**Your assignment**: From the line that contains "Pied de lampe" through the line that contains "Dans cet objet", output every line of the listing below exactly and leave out all the rest.

**The data**:
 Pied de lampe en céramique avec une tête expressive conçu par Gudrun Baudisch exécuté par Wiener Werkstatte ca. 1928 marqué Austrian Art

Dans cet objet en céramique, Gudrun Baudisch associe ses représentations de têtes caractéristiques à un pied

--

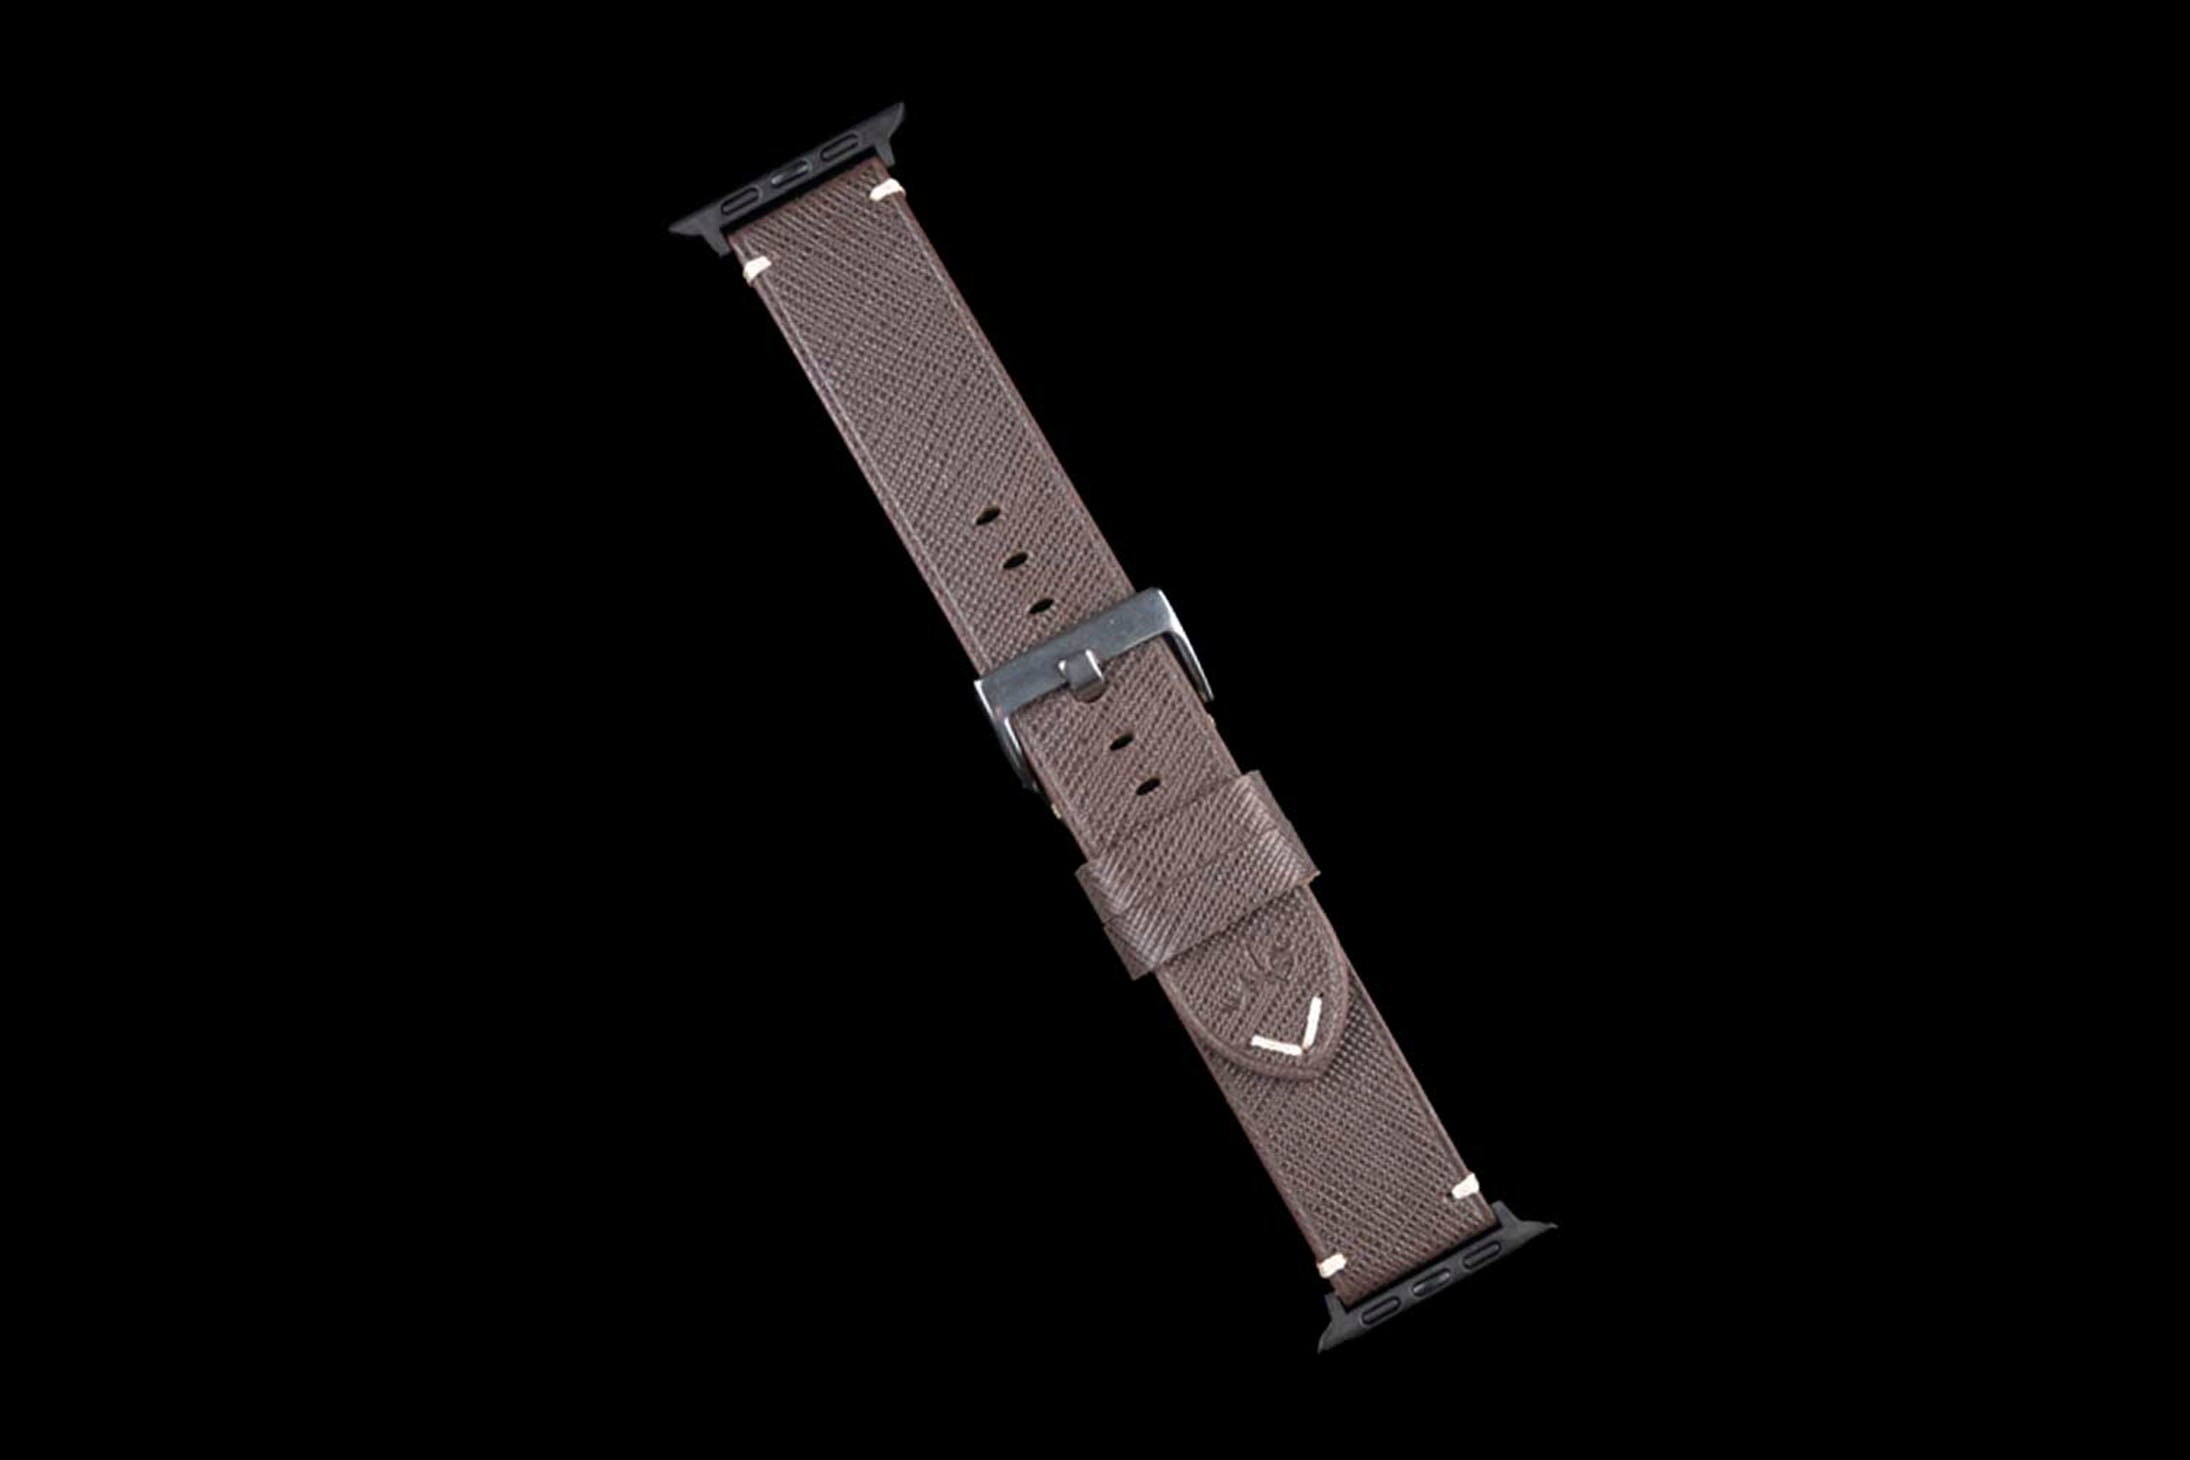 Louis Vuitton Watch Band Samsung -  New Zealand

**Answer to this problem**:
 Pied de lampe en céramique avec une tête expressive conçu par Gudrun Baudisch exécuté par Wiener Werkstatte ca. 1928 marqué Austrian Art

Dans cet objet en céramique, Gudrun Baudisch associe ses représentations de têtes caractéristiques à un pied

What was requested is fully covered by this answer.